THE PROBLEM – To complete this task, print all the data below exactly but leave out the images.
*** DATASET EXCERPT
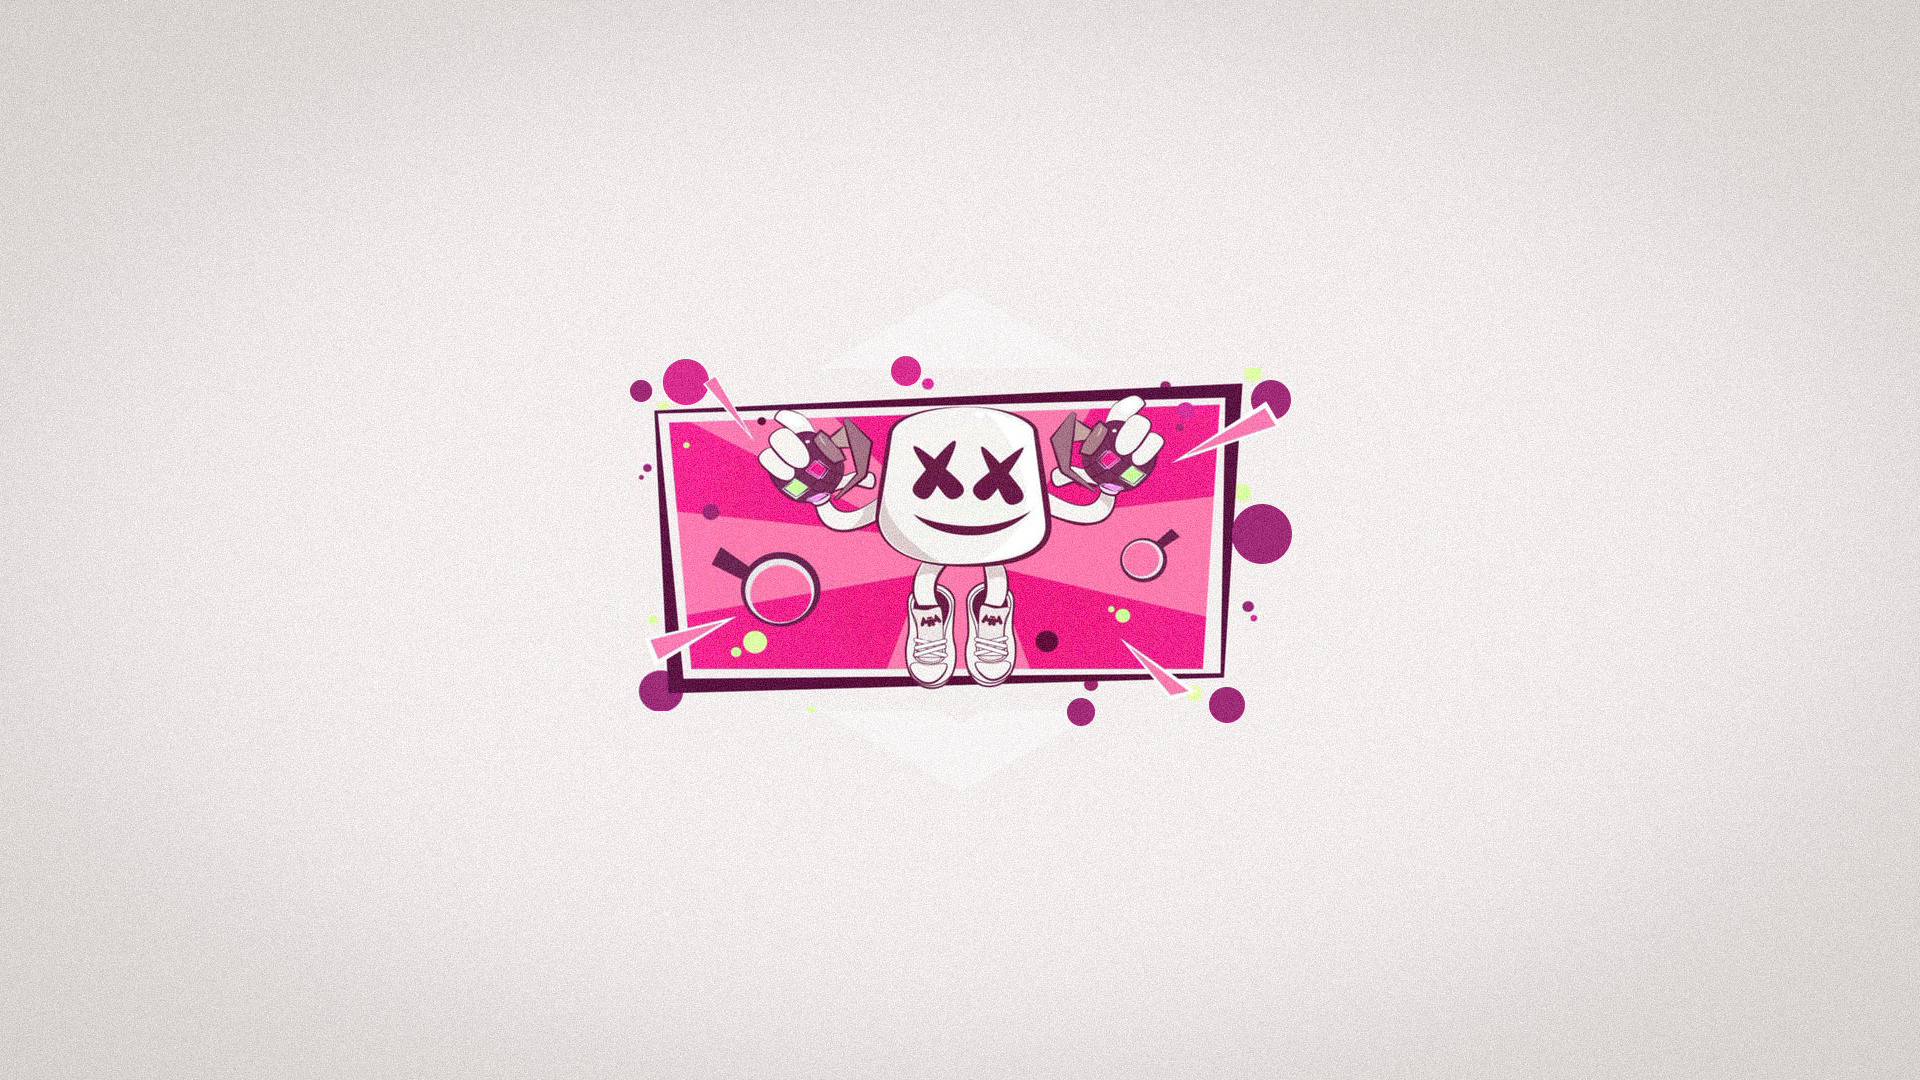 General 1920x1080 Marshmello  Fortnite concerts Marshmallow Man pink clouds white
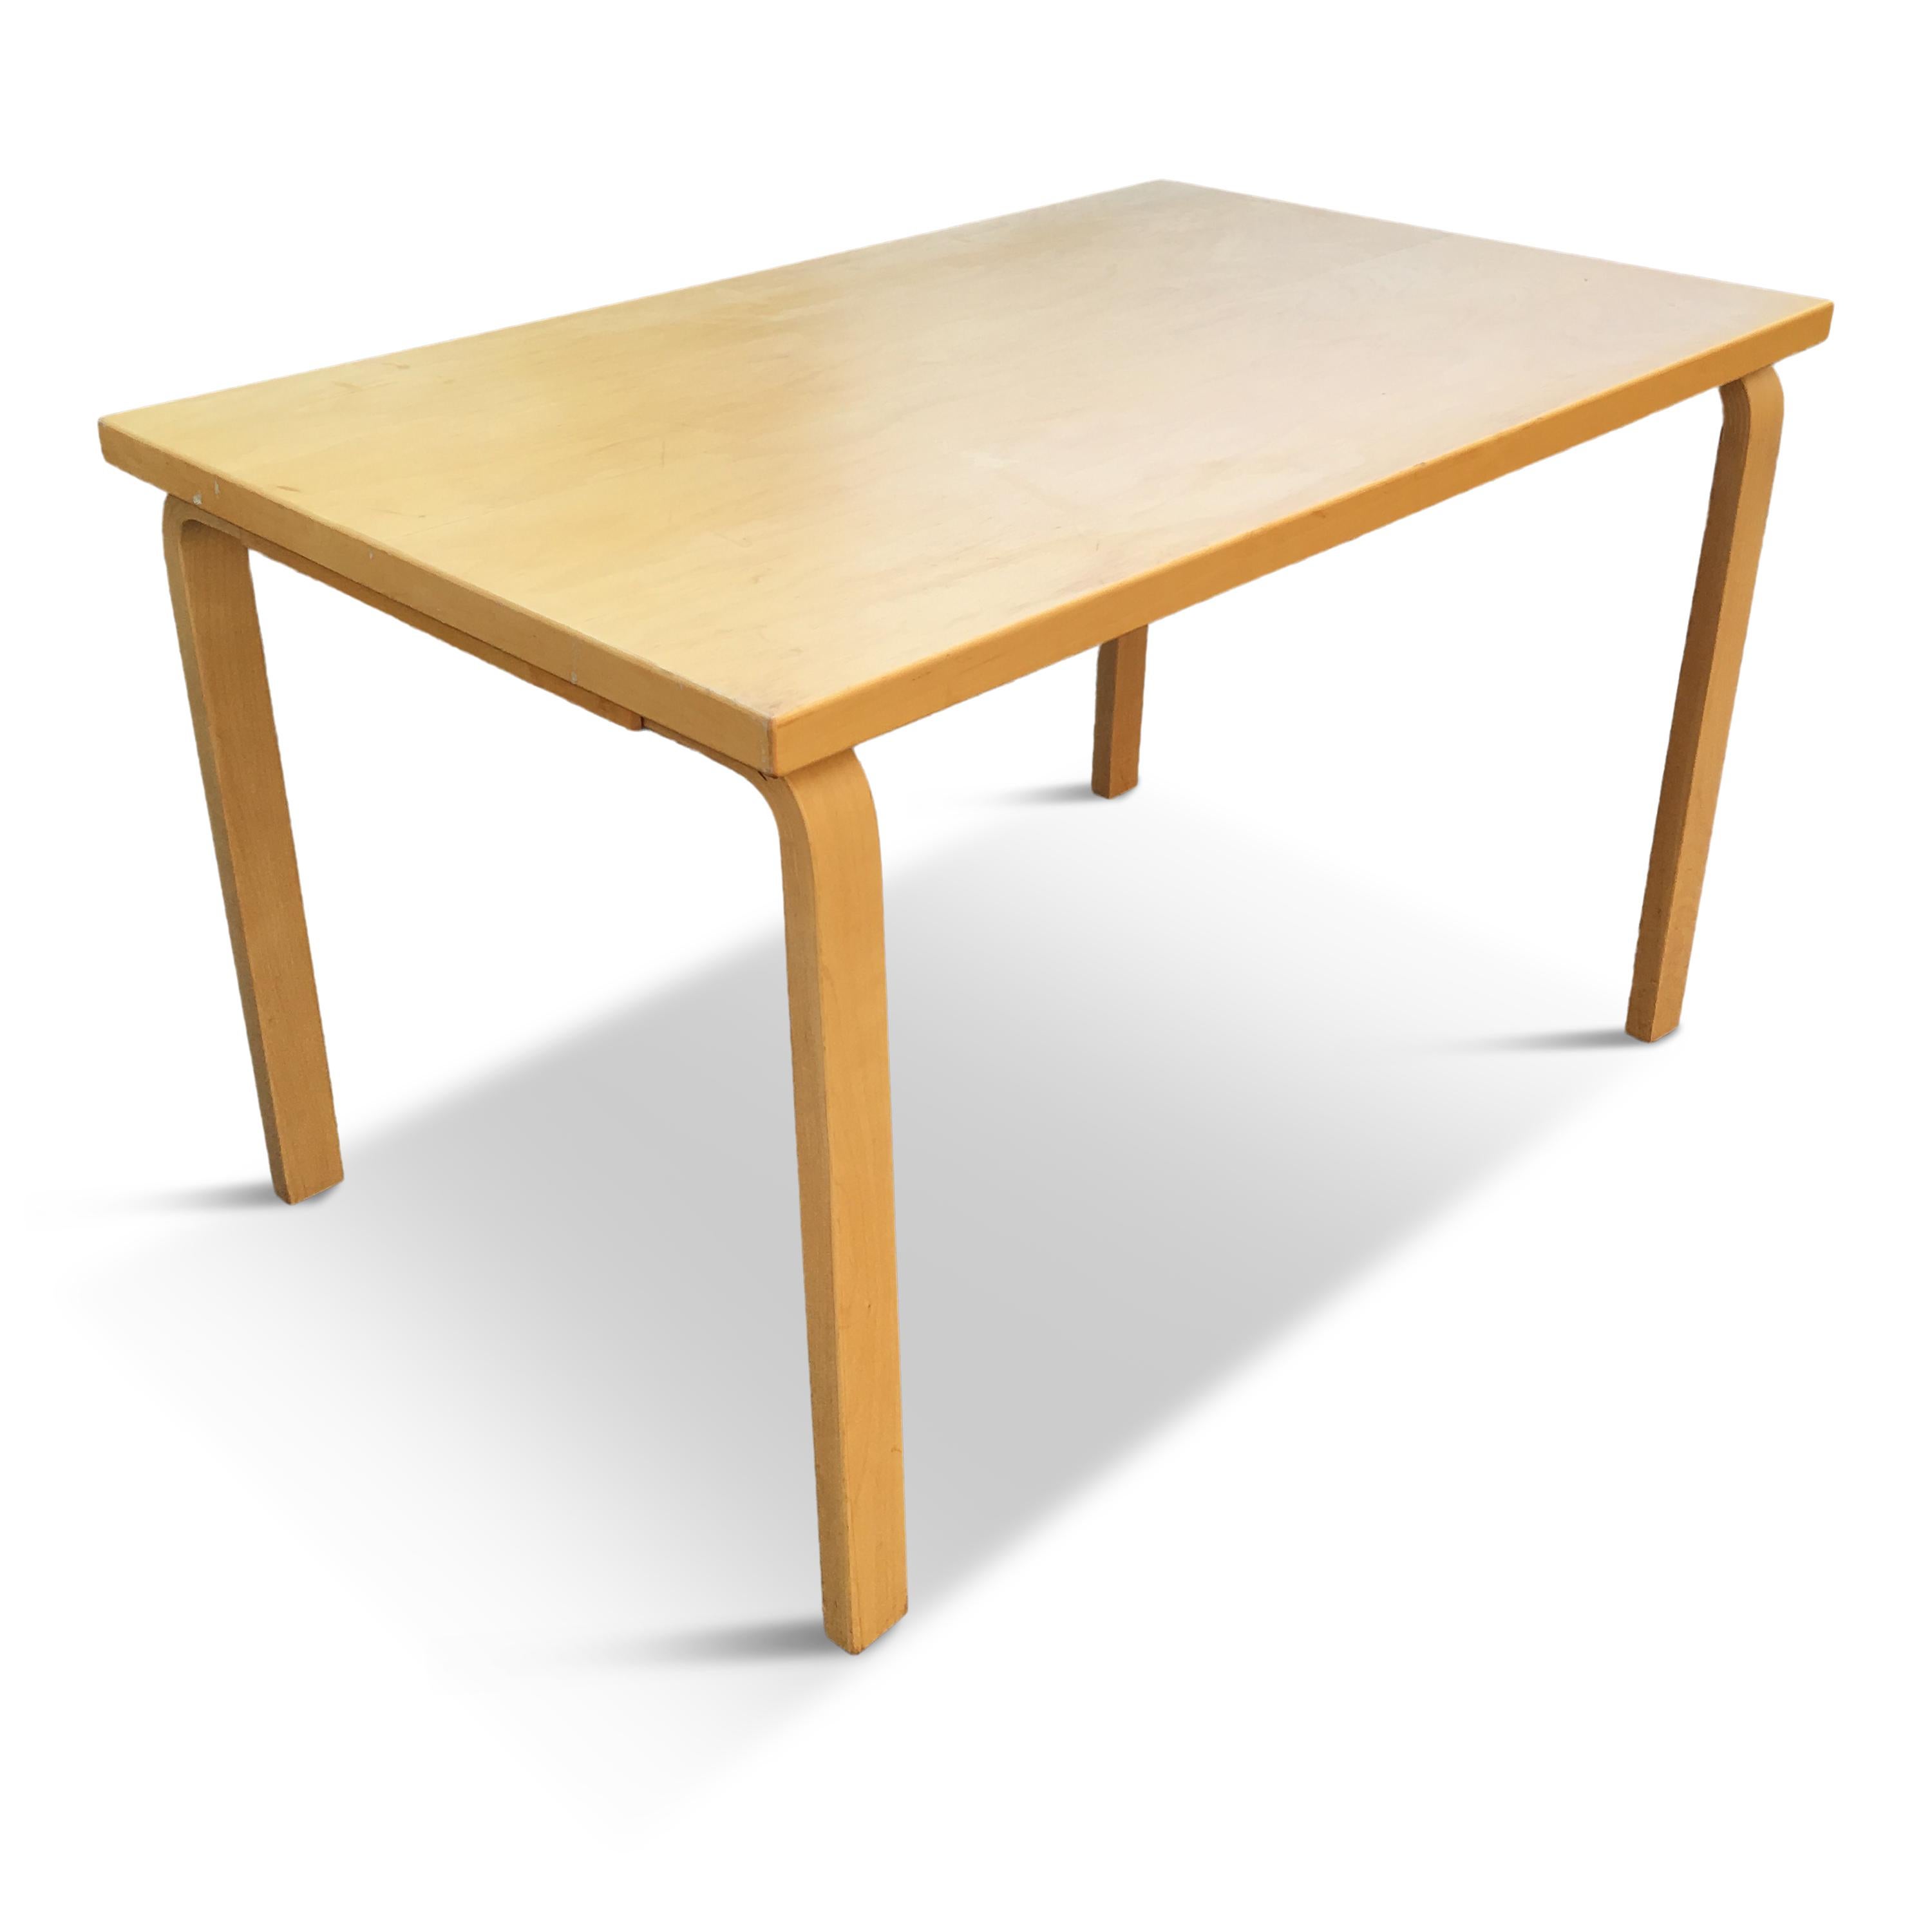 This table model 81B was designed by Alvar Aalto in 1935, production by Artek Finland during 1970s.
It is made of birch wood.
Design classics!
******
FINISHED TASK –
 General 1920x1080 Marshmello  Fortnite concerts Marshmallow Man pink clouds white
 This table model 81B was designed by Alvar Aalto in 1935, production by Artek Finland during 1970s.
It is made of birch wood.
Design classics!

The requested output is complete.